*** Data segment Section Begins ***
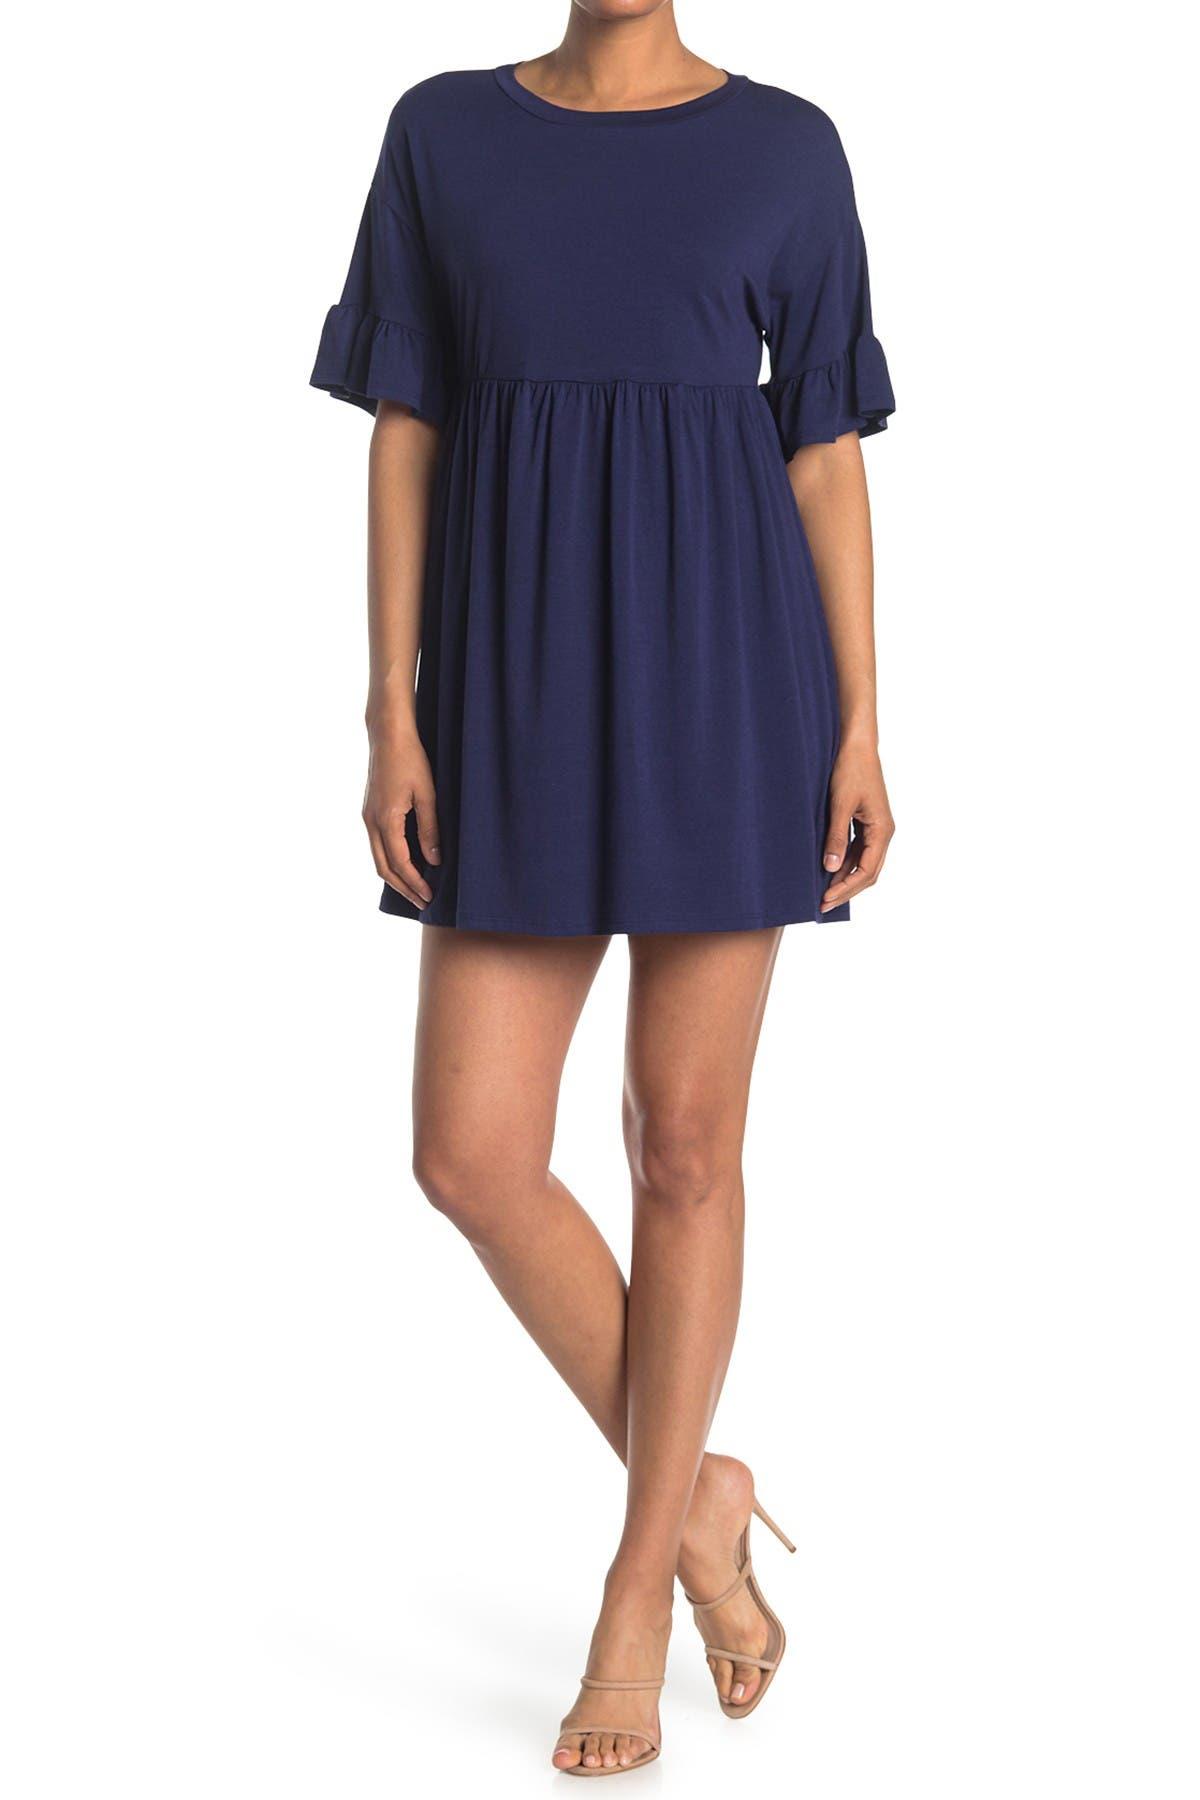 Image of KENEDIK Ruffle Sleeve Babydoll T-Shirt Dress
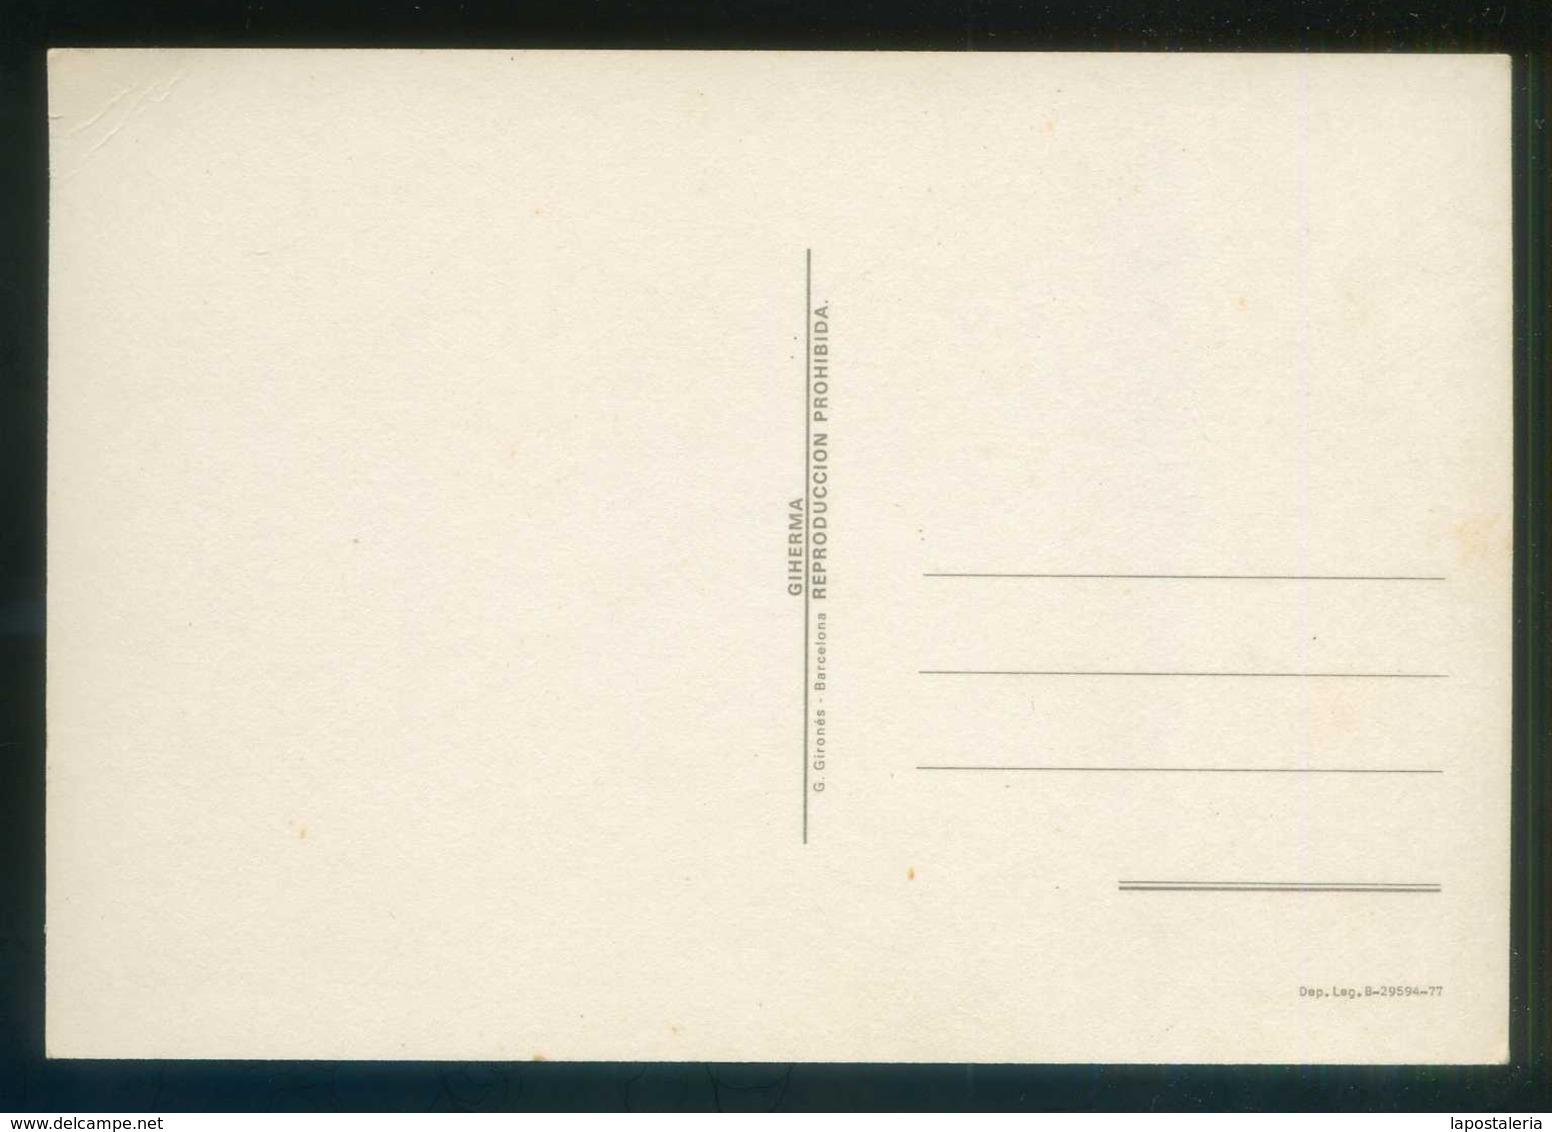 Ed. Giherma. Dep. Legal B. 29594-77. Nueva. - Flores, Plantas & Arboles
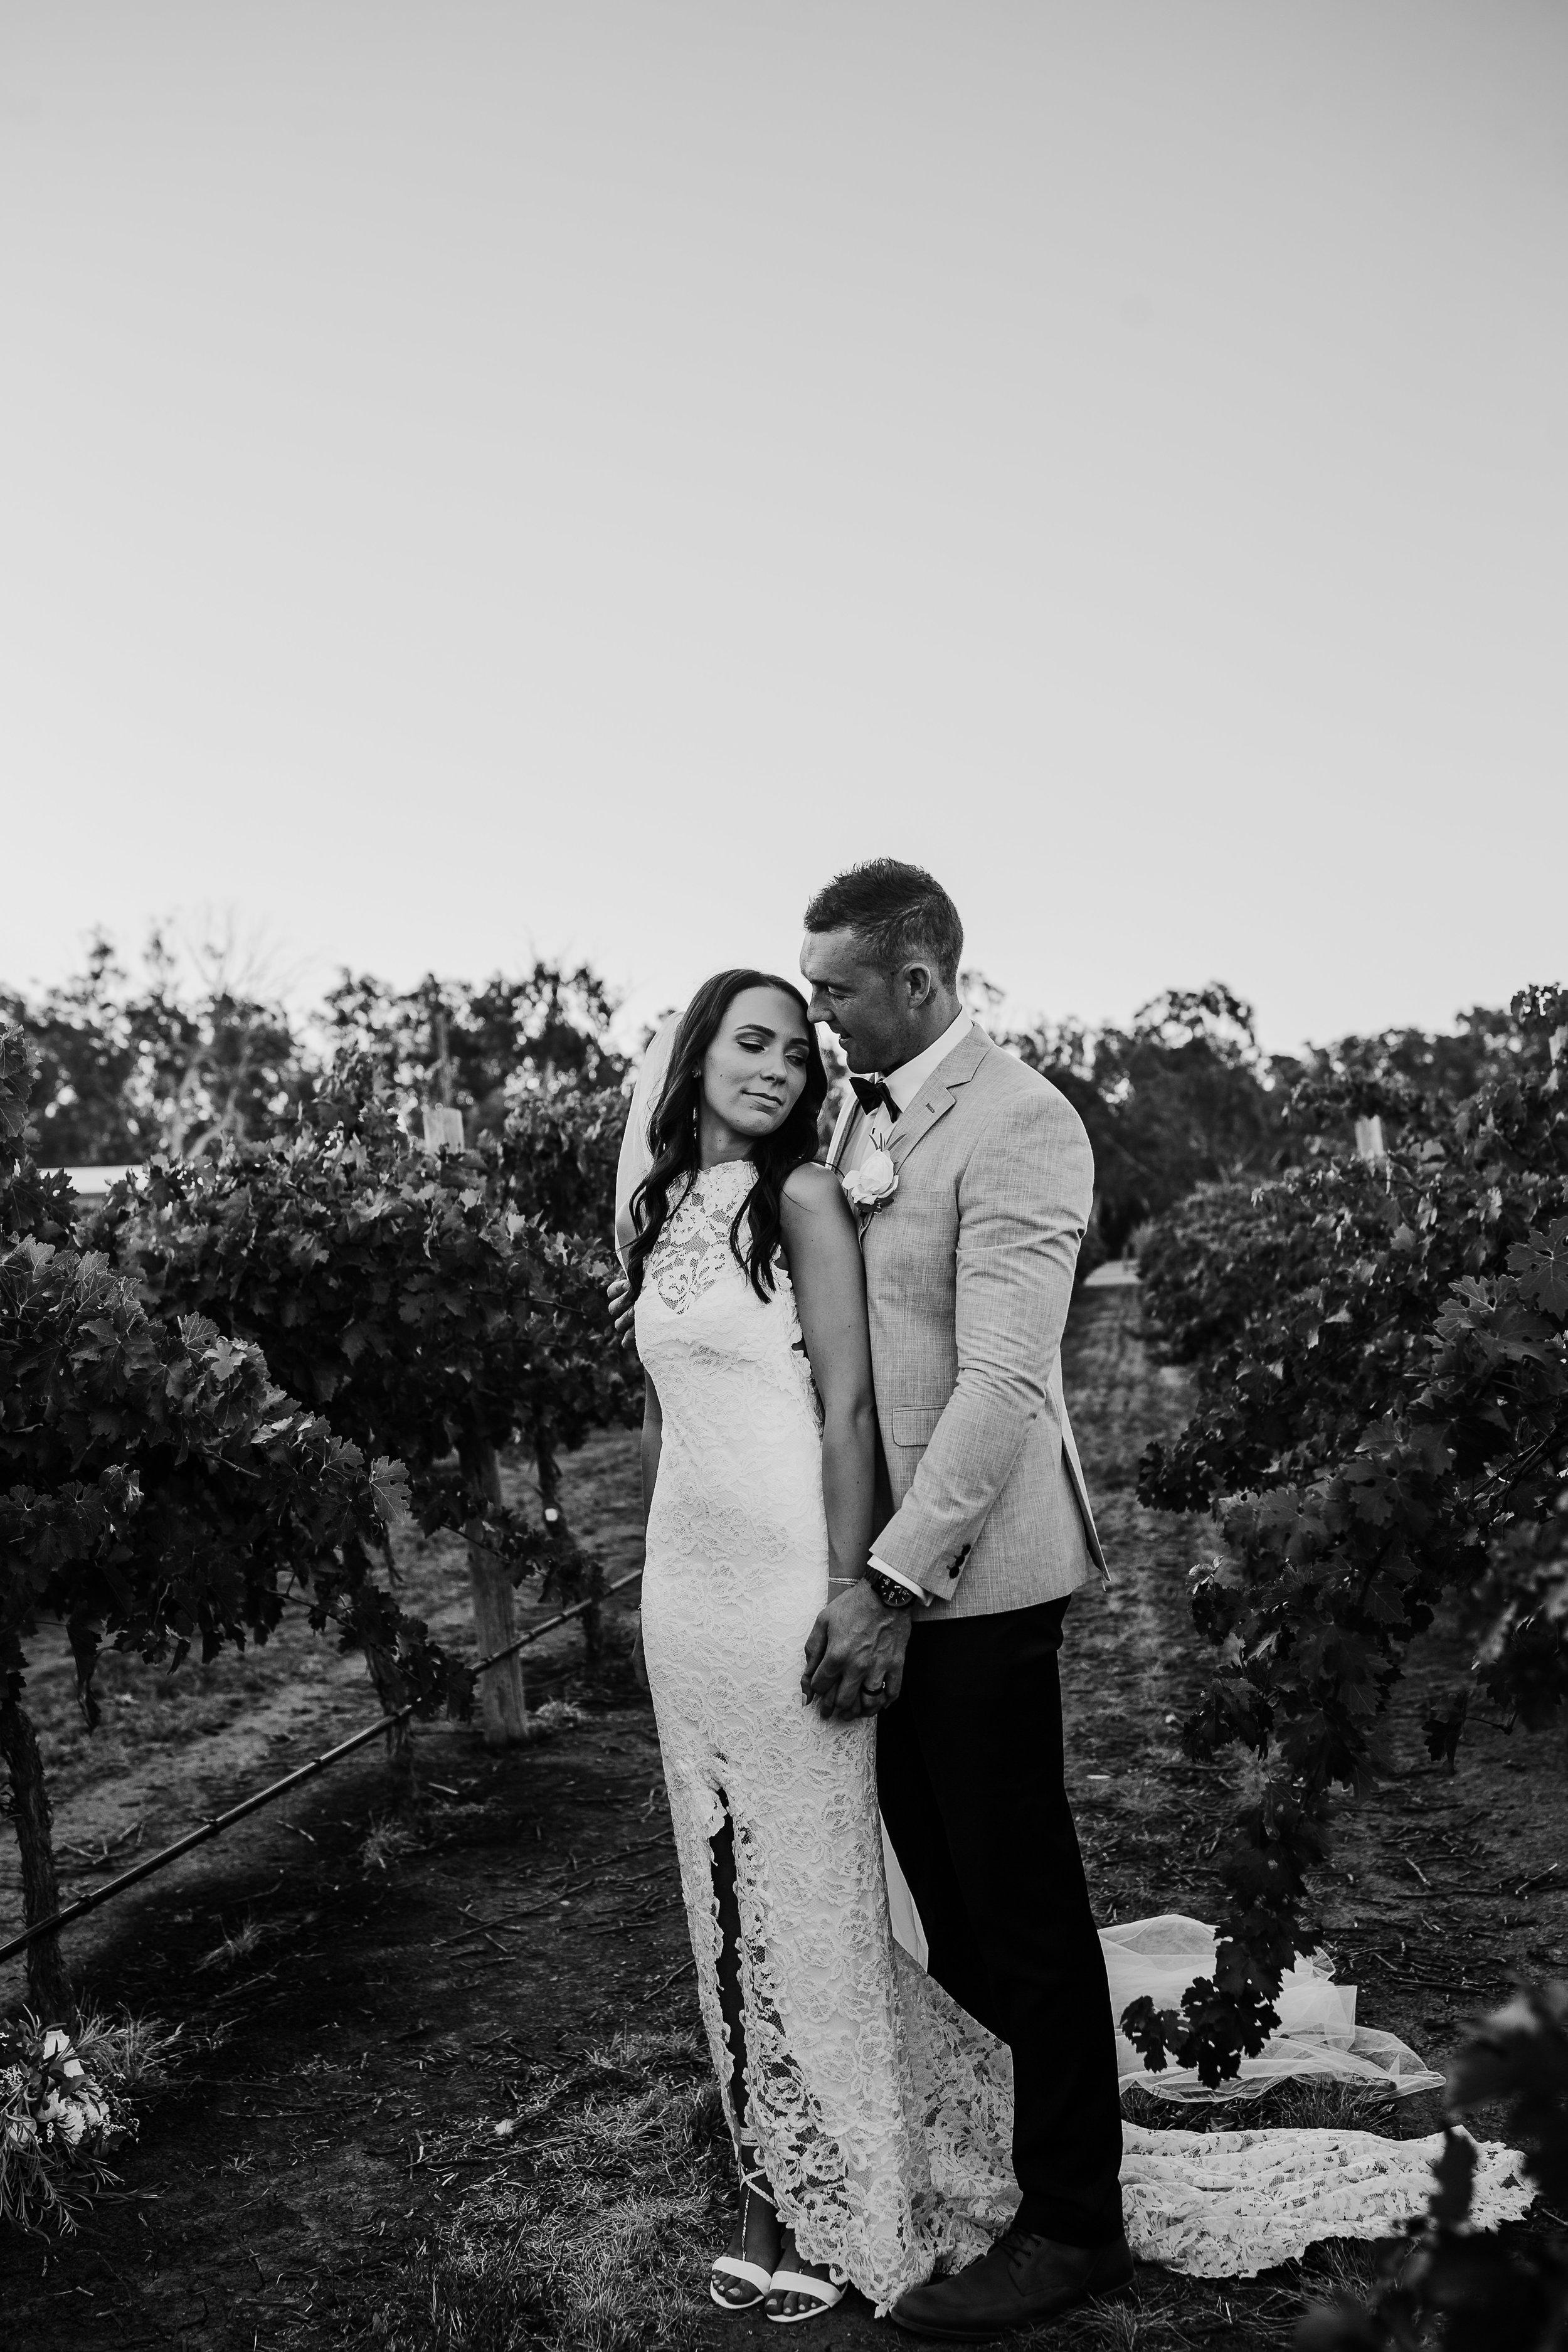 mickalathomas_puremacphotography_weddingphotographer_couplephotographer_Sheppartonphotographer_2914.jpg
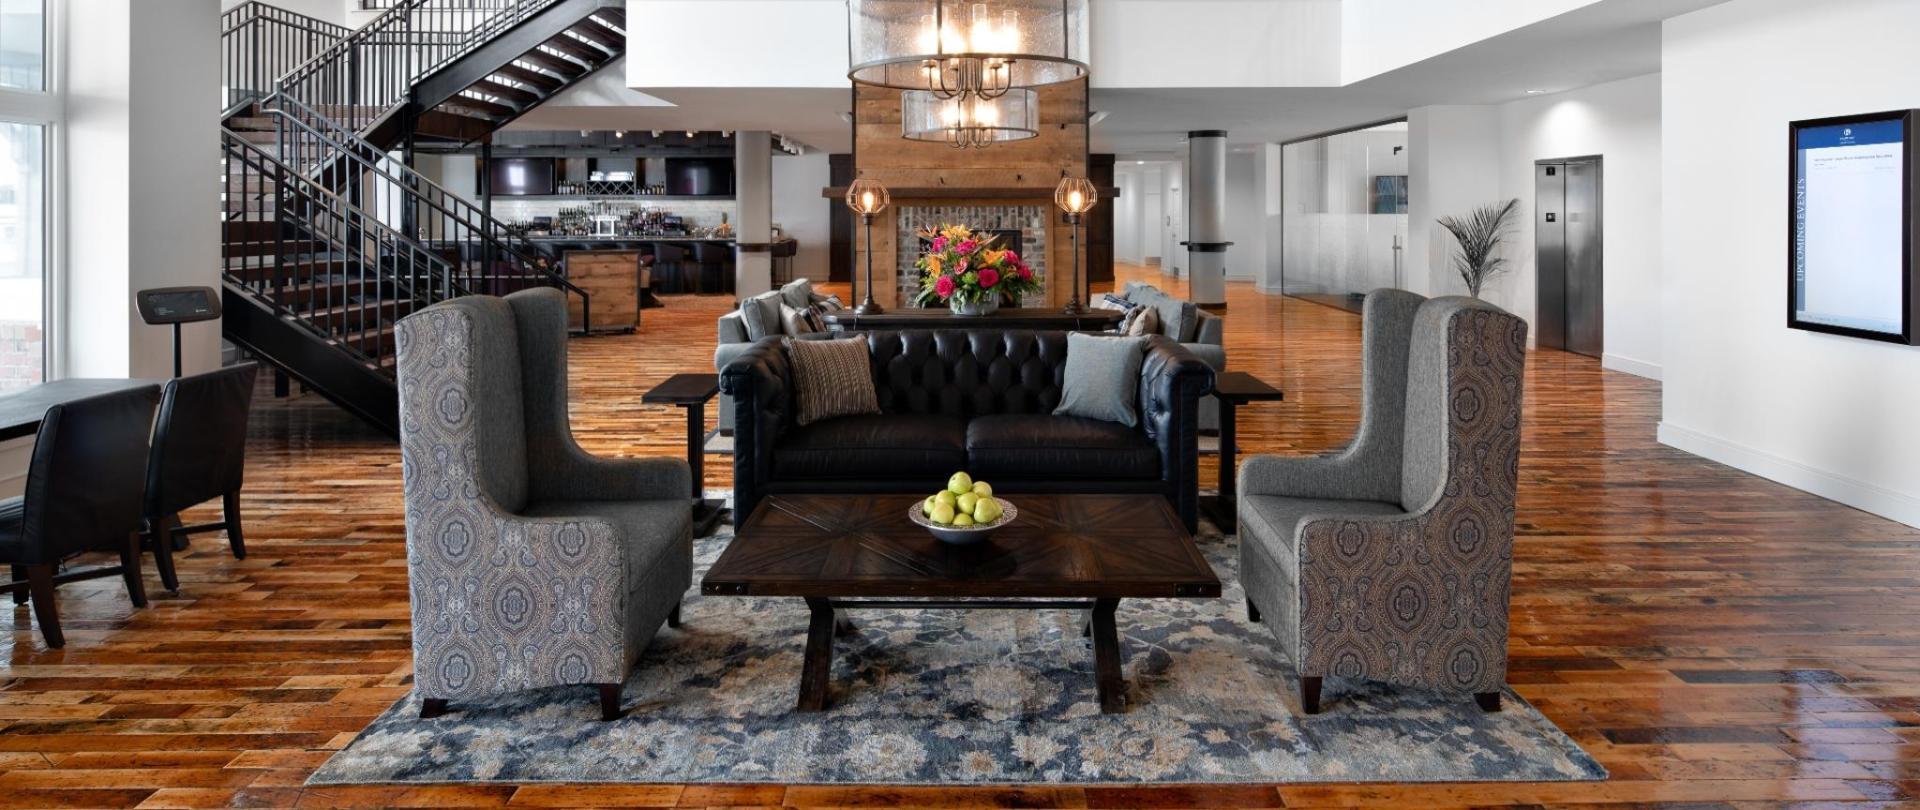 Ascend-Hotels-Lobby-Beaufort-Hotel-NC-1920x810.jpg
*** Data segment Section Ends ***
• _Activity_
No pictures belong in the copy. Retype exactly, and only, the lines from the line containing "Ed. Giherma. Dep." through the last line of the data, both included.

• _Solution_
 Ed. Giherma. Dep. Legal B. 29594-77. Nueva. - Flores, Plantas & Arboles
 mickalathomas_puremacphotography_weddingphotographer_couplephotographer_Sheppartonphotographer_2914.jpg
 Ascend-Hotels-Lobby-Beaufort-Hotel-NC-1920x810.jpg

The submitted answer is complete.